Il Consiglio di Stato ha stabilito, in una recente decisione ( n. 38997/09) che gli obiettori di coscienza non possono entrare in servizio come vigili urbani.
Questo qualora il regolamento comunale preveda per gli addetti alla polizia municipale (come spesso accade) un servizio armato. E questo anche se non tutti i servizi contemplino il porto dell’ arma.
I fatti:
Un obiettore di coscienza (che aveva effettuato il servizio civile alternativo in luogo di quello militare) aveva vinto il concorso per il posto di vigile urbano in un comune italiano. Il secondo classificato aveva pero’ impugnato la graduatoria sostenendo che l’uomo essendo stato un obiettore di coscienza, non poteva essere idoneo a tale attivita’.

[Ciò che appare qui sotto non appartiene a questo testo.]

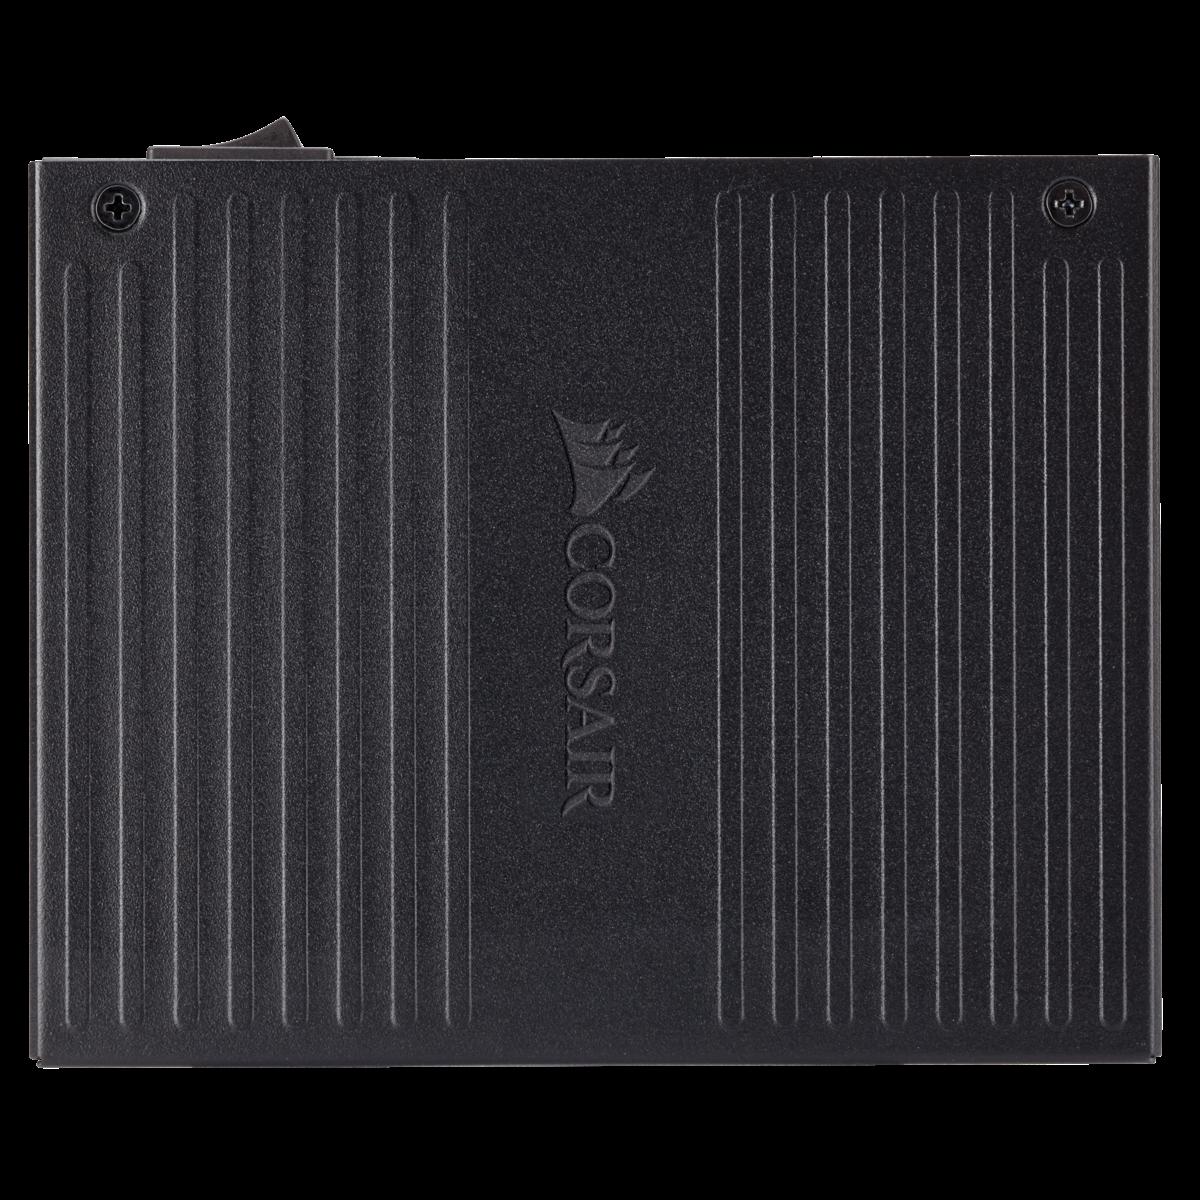 (750W) Corsair SF750 80 Plus Platinum

Questa tesi è stata poi accolta dal Consiglio di Stato che, nelle motivazioni ha affermato che “in presenza di un regolamento comunale che imponga come normale il servizio armato degli addetti alla polizia municipale, l’obiettore di coscienza incorre nella preclusione di cui all’art. 15 della legge n. 230 del 1998”.
I Magistrati hanno aggiunto che “pur rientrando nella discrezionalità dell'Ente locale l'individuazione dei servizi di polizia municipale che vanno svolti in forma armata, vi è un obbligo per tutti gli addetti in possesso della qualifica di pubblica sicurezza di portare le armi in dotazione durante l'espletamento del servizio allorché il Prefetto ne faccia motivata richiesta”.
Ne e’ poi scaturita una dichiarazione generale:
“Ne consegue che, dovendo il vigile agente di pubblica sicurezza. portare le armi ove addetto a servizi da svolgere in forma armata, per specifica deliberazione comunale o per esplicita richiesta del prefetto, non può acquisire detta qualifica il soggetto in capo al quale sussiste, in base agli artt. 9 L. n. 772/72 e 15 L. n. 230/98, una totale e permanente preclusione all'utilizzo delle armi,” come appunto l’obiettore di coscienza.
La decisione del Consiglio di Stato, in base alla formulazione citata, sembra che possa avere influenza generale, ben oltre il caso specifico.